Noho, roughly triangular-shaped, is bordered by Houston Street (where numbered streets begin) on south, 9th Street on north, Mercer Street on west and Bowery on east. Noho is a small enclave, encompassing only about 15 blocks, but it borders on Cooper Square, home to the prestigious institute Cooper Union for the Advancement of Science and Art, established in 1853.  Lafayette Street runs north-south through the heart of Noho. Astor Place, a one-block street, anchors the area with the 6 train station, one of the few subway stops included in the List of Registered Historic Places.

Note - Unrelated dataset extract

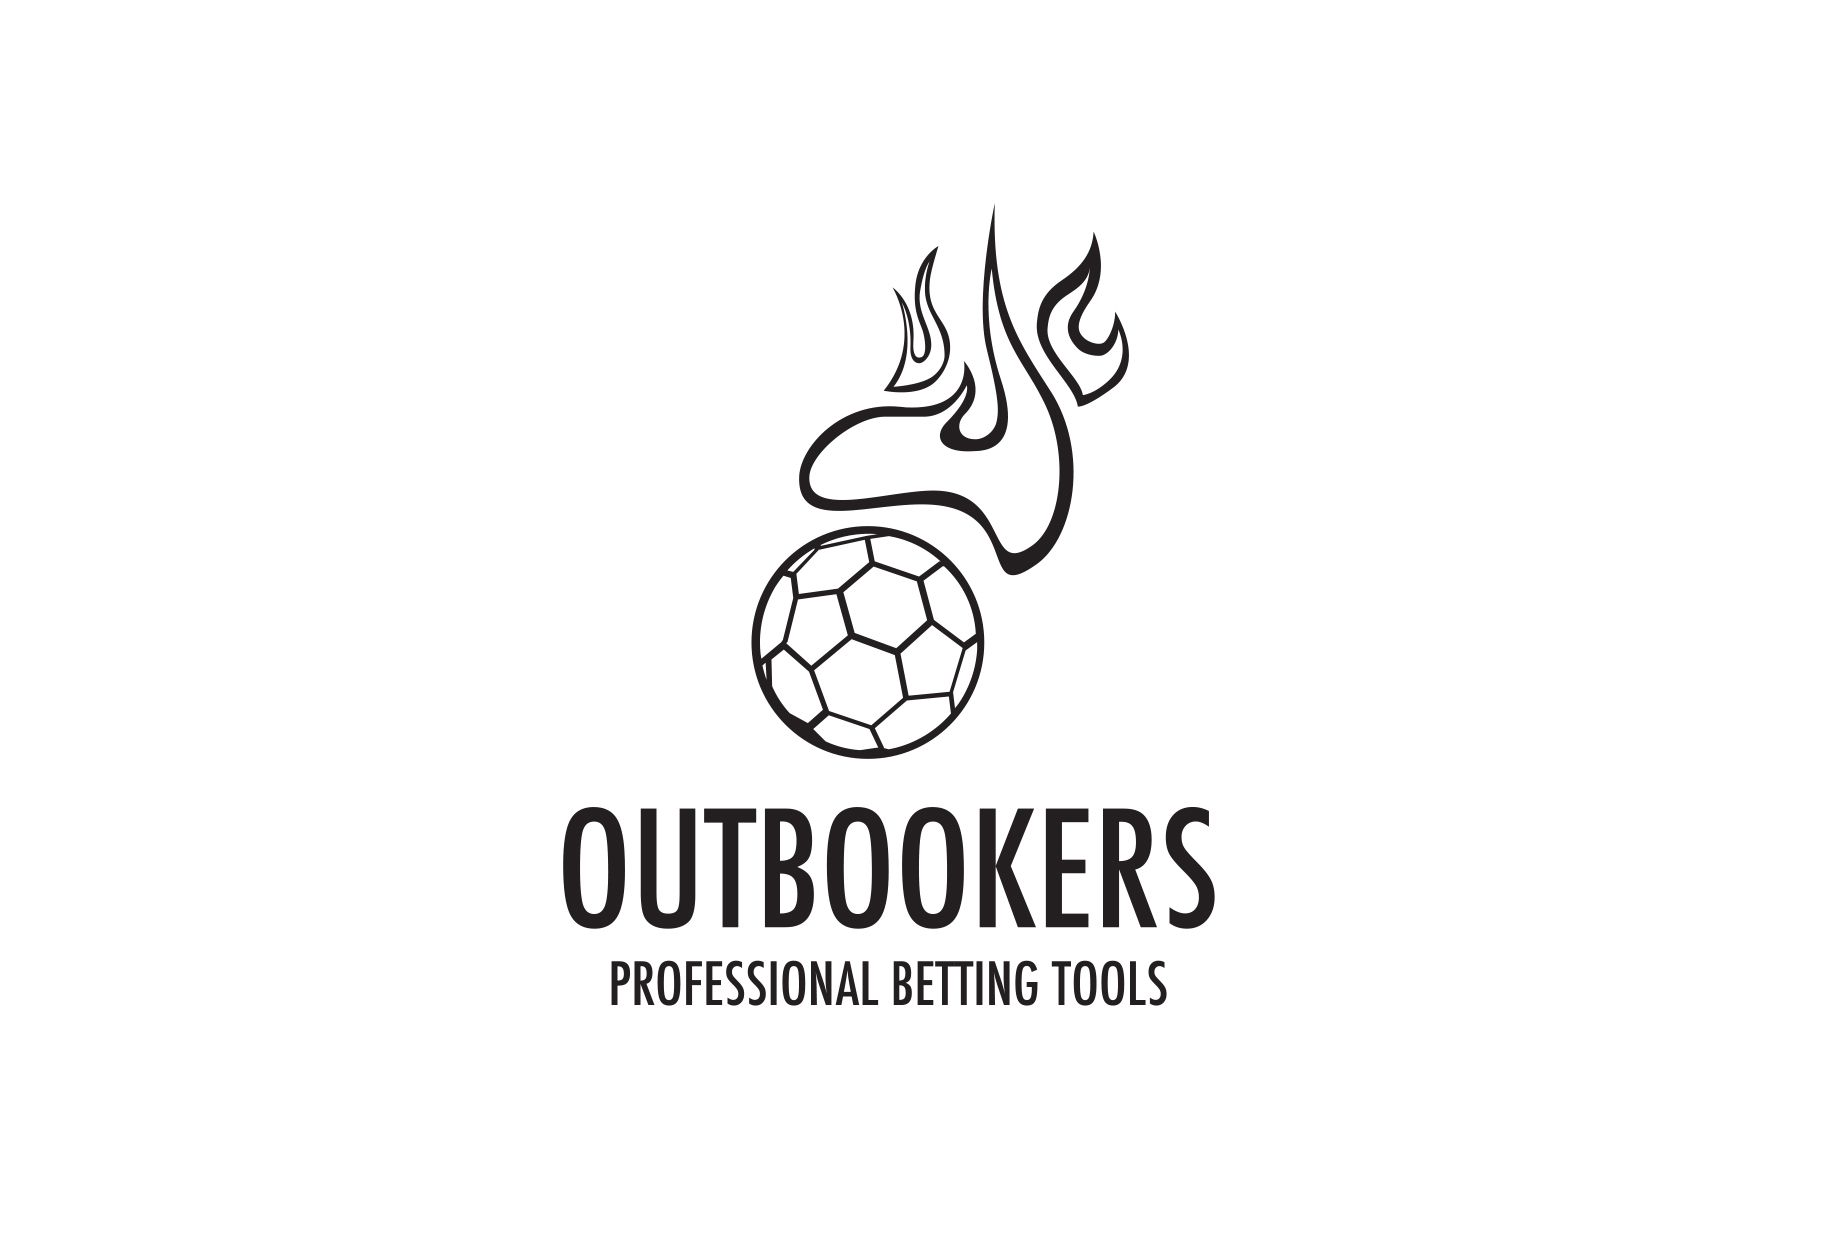 Логотип для компании (спортивная аналитика) - дизайнер linagrin

Historical Value Of The Noho Neighborhood

In the 1740s, New York’s first botanical garden was planted near the present-day intersection of Lafayette Street and Astor Place. In 1804, John Jacob Astor purchased the garden site, beginning the Astor family’s long association with Noho. Throughout the 19th century, Noho became home to wealthy aristocrats like the Vanderbilts who constructed fabulous mansions, extensive gardens, and smart retail shops. Buildings still standing from this period include Astor Library and Colonnade Row, an impressive set of landmarked Greek Revival buildings originally constructed as homes in the 1830s.

Today, nearly all of Noho is protected as a historic district by NYC Landmarks Preservation Commission. However, in the early 20th century, before the preservation movement began, many fine homes were demolished and replaced by industrial lofts. As in neighboring Soho, artists of the 1960s were attracted to these large, open, light-filled spaces, and Noho became once again a residential area. Famous artists who lived in Noho were Andy Warhol, Chuck Close, Robert Mapplethorpe, and Jean-Michel Basquiat.

Housing Opportunities

Noho offers a range of housing opportunities, from converted lofts to apartment buildings, to townhomes. The neighborhood is generally upscale, like its neighbor Soho. Rent for a one-bedroom average $3600/month in 2019 according to Renthop, and about $5300 in a doorman building according to NYbits.

Noho is an excellent housing solution for residents who like the charm of Soho and spacious loft living, but prefer to avoid the crowds and commerce. Noho is historic, centrally located, and offers beautiful homes for sale or rent.